资助项目:国家自然科学基金(41361081); 贵州师范大学资助博士科研项目(GZNUD[2017]6号)
第一作者:安丹(1994—),女,贵州遵义人,硕士研究生,研究方向为喀斯特地貌与洞穴研究。E-mail:andan4192@163.com 通信作者:周忠发(1969—),男,贵州遵义人,教授,博导,主要从事喀斯特资源环境、GIS与遥感研究。E-mail:fa6897@163.com
(1.贵州师范大学 地理与环境科学学院/喀斯特研究院, 贵阳 550001; 2.贵州省喀斯特山地生态环境国家重点实验室培育基地, 贵阳 550001)
(1.College of Geography and Environmental Sciences/School of Karst Science, Guizhou Normal University, Guiyang 550001, China; 2.State Key Laboratory Incubation Base for Karst Mountain Ecology Environment of Guizhou Province, Guiyang 550001, China)
karst cave; ventilation effect; virtual temperature difference; CO2 concentration; drip water chemistry
为探究岩溶关键带碳循环机制,揭示洞穴通风对洞穴环境变化的响应机制,在2018年国庆期间对贵州绥阳大风洞洞内空气环境指标(温度、湿度、CO2浓度)和滴水水化学指标(温度,pH值,EC,Ca2+,HCO-3)进行为期7 d的连续自动监测,并运用系统分析方法对各要素进行了综合分析。结果 表明:(1)受游客数量、洞道结构的影响,洞穴空气CO2浓度表现出明显的昼夜变化特征; 与2#(神泉玉露)点相比,1#(夜明珠)点位于大风洞主洞道,洞腔体积较大,洞道较宽,洞穴空气CO2浓度增加幅度及变化幅度表现为2#>1#。(2)洞穴通风效应与洞穴滴水水化学相关性显著。洞穴通风与lgPCO2(w)呈反相关,与pH值,SIc和SId为正相关; 受监测点洞道结构、通风效应和滴水水量的影响,洞穴通风与1#点的Ca2+和HCO-3浓度变化呈反相关关系,与2#点的相关性不显著。(3)不同通风模式下,不同监测点的水气CO2分压差及沉积环境存在差异。当ΔTv>0时,洞穴属于积极通风状态,洞穴空气CO2浓度降低,ΔPCO2>0,有利于洞穴景观的沉积; 反之,洞穴沉积物趋向于产生溶蚀作用。

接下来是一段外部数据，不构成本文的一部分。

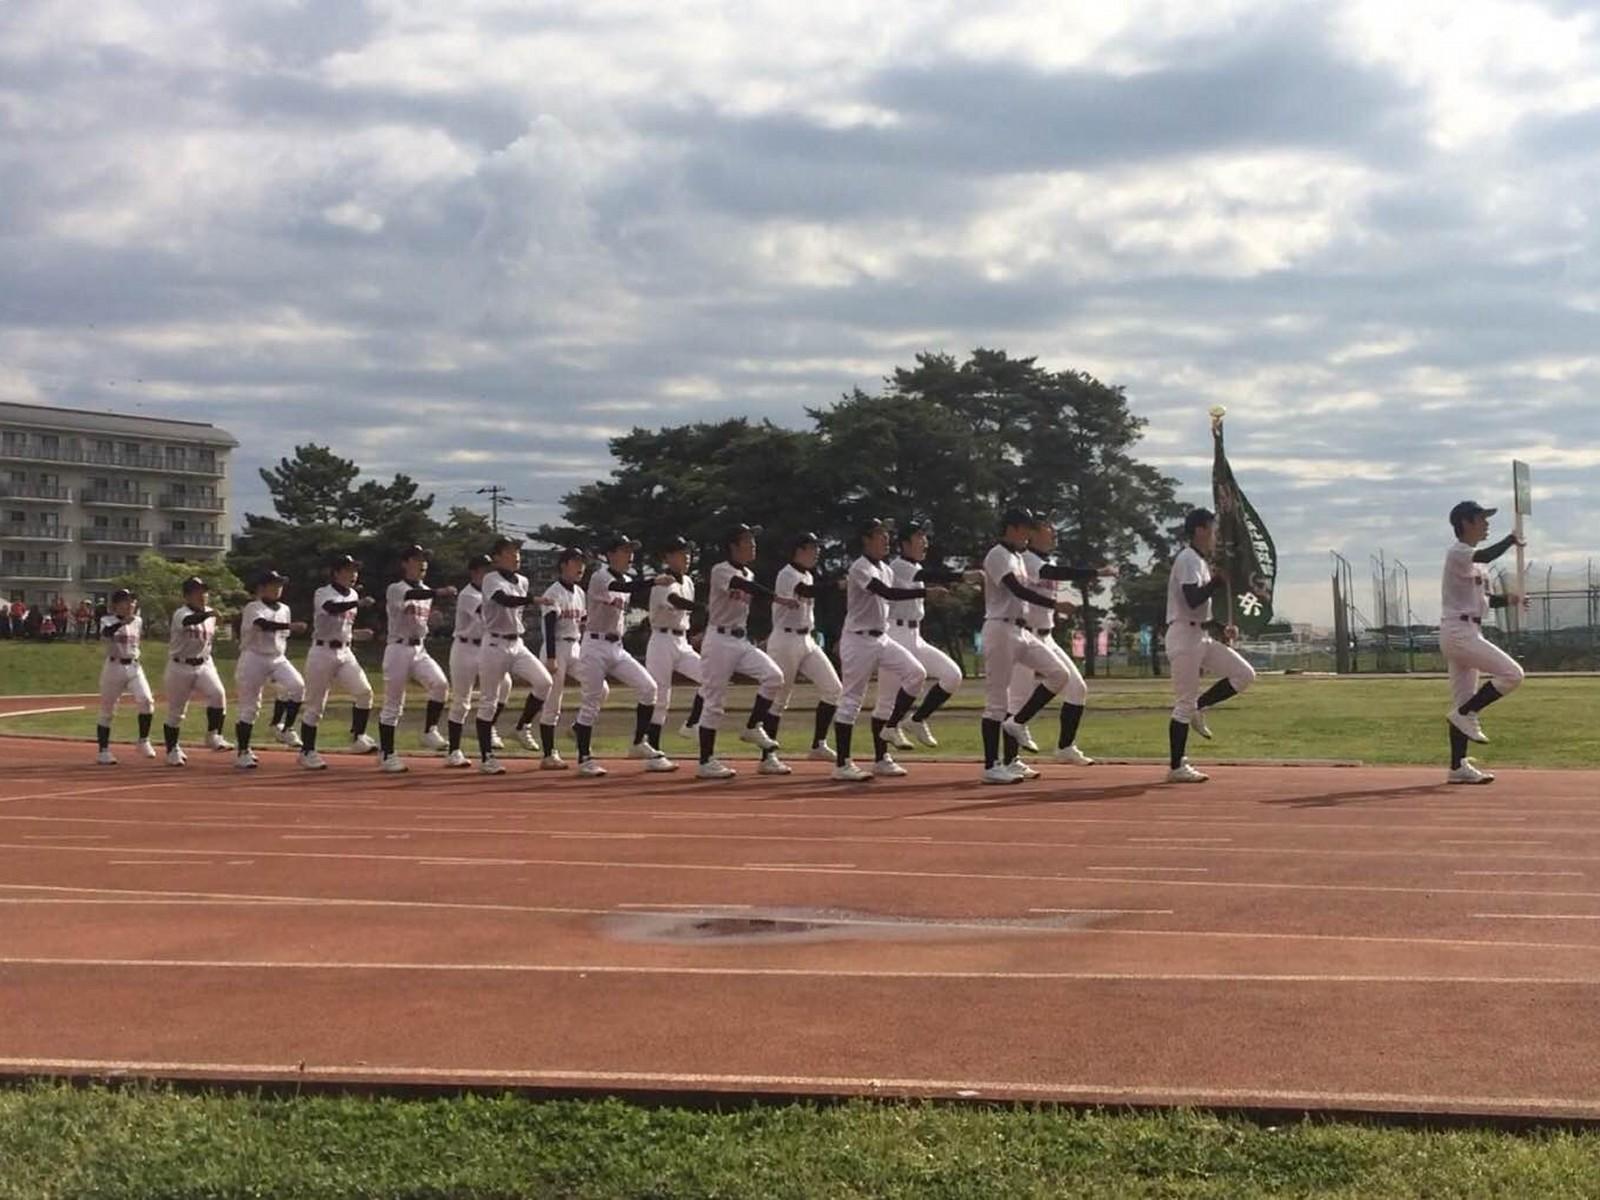 2016.04.30 第20回土浦中央ロータリークラブ旗争奪リトルシニア野球大会

To explore the carbon cycle mechanism in the Karst Key Zone and reveal the response mechanism of the cave ventilation to the charge of environment. During the vacation of National Day of 2018, the 7-day continuous automatic monitoring on air environment index in tunnel(Temperature, Humidity, CO2 concentration)and chemical index of dripping water(Temperature, pH value, EC, Ca2+, HCO-3)had been carried out in Dafeng Cave of Suiyang in Guizhou Province. The systemic analysis method was used to do a comprehensive analysis on the factors. The results showed that:(1)affected by the quantity of tourists and tunnel structures, there were obvious diurnal variation characteristics in air CO2 concentrations of caves; compared with 2#, 1# located at the main tunnel of Dafeng Cave, has a large cavity and wide tunnel; the increasing range and changing range of CO2 concentration in the air of caves decreased in the order: 2#(shenquanyulu)>1#(yemingzhu);(2)correlation between the effect of cave ventilation and the chemistry of cave dripping water was significant; the cave ventilation effect was negatively related to lgPCO2(w), positively correlated with pH value, SIc and SId; influenced by the tunnel structures of monitoring point, cave ventilation effect and dripping water volume, cave ventilation were positively related to the concentration changes of Ca2+ and HCO-3 at 1#, but the correlation in 2# was not significant;(3)under different ventilation modes, there were differences in water vapor CO2 partial pressure difference and deposition environment at different monitoring points; when ΔTv>0, the cave will be positively ventilated and the CO2 concentration in the air of caves will decline, ΔPCO2>0, it will be conducive to the deposition of cave landscape. On the contrary, cave sediments tend to produce dissolution.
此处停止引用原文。